東日本大震災の復興財源をどうするかで、早くも増税議論が出ている。 国民には、マニフェスト撤回や大増税をしなければ復興予算がないように説明しながら、実は、財務省は、すぐに使える「復興財源」を隠し持っている。
国債の償還を行なう「国債整理基金」特別会計には、平成21年度決算で20.7兆円の剰余金が出た。
このうち8.1兆円は翌年度の国債償還の費用にあてられるが、残る12.5兆円は「減債基金」と呼ばれ、同省の資料(平成21年度特別会計決算概要)によると、「年度中の不測の事態に備え、基金残高について歳出権を付与しているものの、そうした事態が生じなかったため、歳出しなかったもの」と説明されている。

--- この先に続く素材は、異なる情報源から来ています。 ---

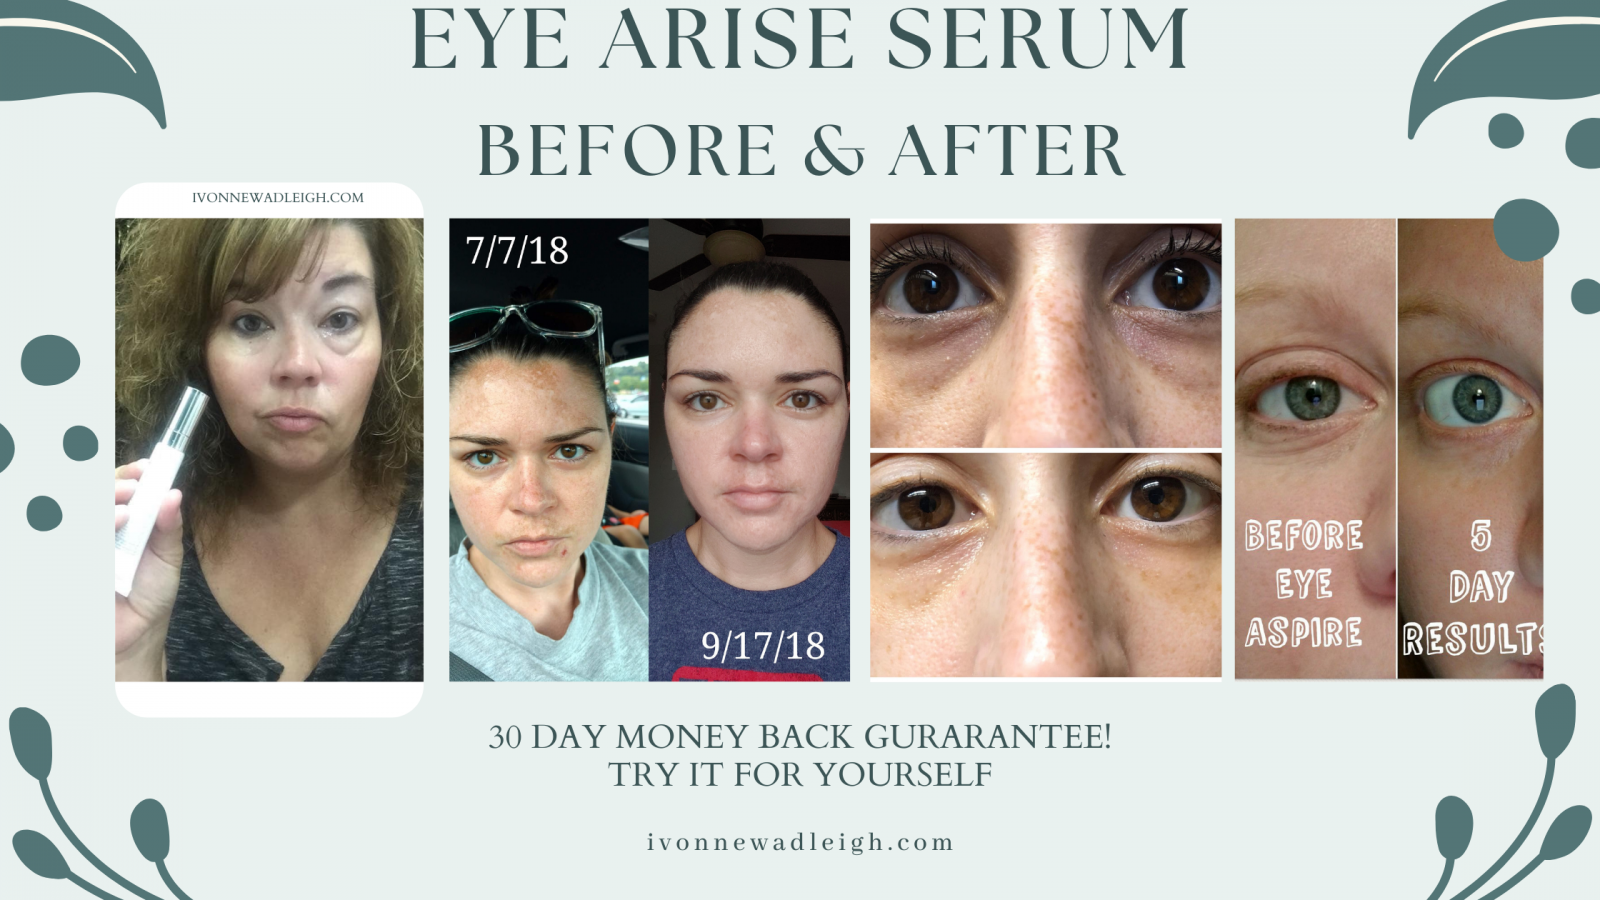 Before and After photos for Eye Arise Serum

つまり、この基金は、すぐに国債償還に使う予定がなく、不測の事態が起きたときのために、政府に「歳出権」が与えられている。財務省の「隠しガネ」なのである。直近の平成22年度末では基金残高が13兆4000億円もある。
この資金を使えば、高速割引や子ども手当の廃止、大増税をしなくても、10兆円ともいわれる補正予算の財源はまかなえるはずだ。
民主党「増税によらない復興財源を考える会」呼びかけ人の川内博史・代議士は、特別会計を所管する財務省主計局司計課の担当者を呼んで質した。
その時のやりとりはこんなものだったという。
川内代議士「資料に書かれている不測の事態とは何を想定しているのか」
財務省「天変地異などのことです」
川内代議士「東日本大震災はまさに天変地異。基金は使えるはずだ」
財務省「いえいえ、先生。東京で首都直下型の大地震が発生し、財務省の庁舎が倒壊しているような事態のことなんです」
この役所は、“東北がやられたくらいで使えるか”といってのけたのである。
「首都直下型地震の時に使うという定めは法律のどこにもない。この財源を温存したまま増税したい財務省の言い訳です。歳出権がすでに与えられているのだから、政府の判断で復興財源に使うことができるはずだ」(川内氏)
菅政権は、この財源を隠して復興構想会議などいくつも審議会をつくり、増税方針をまとめるまでわざと復興予算の編成を遅らせた。被災者、国民のことなど全く眼中にないことがわかる。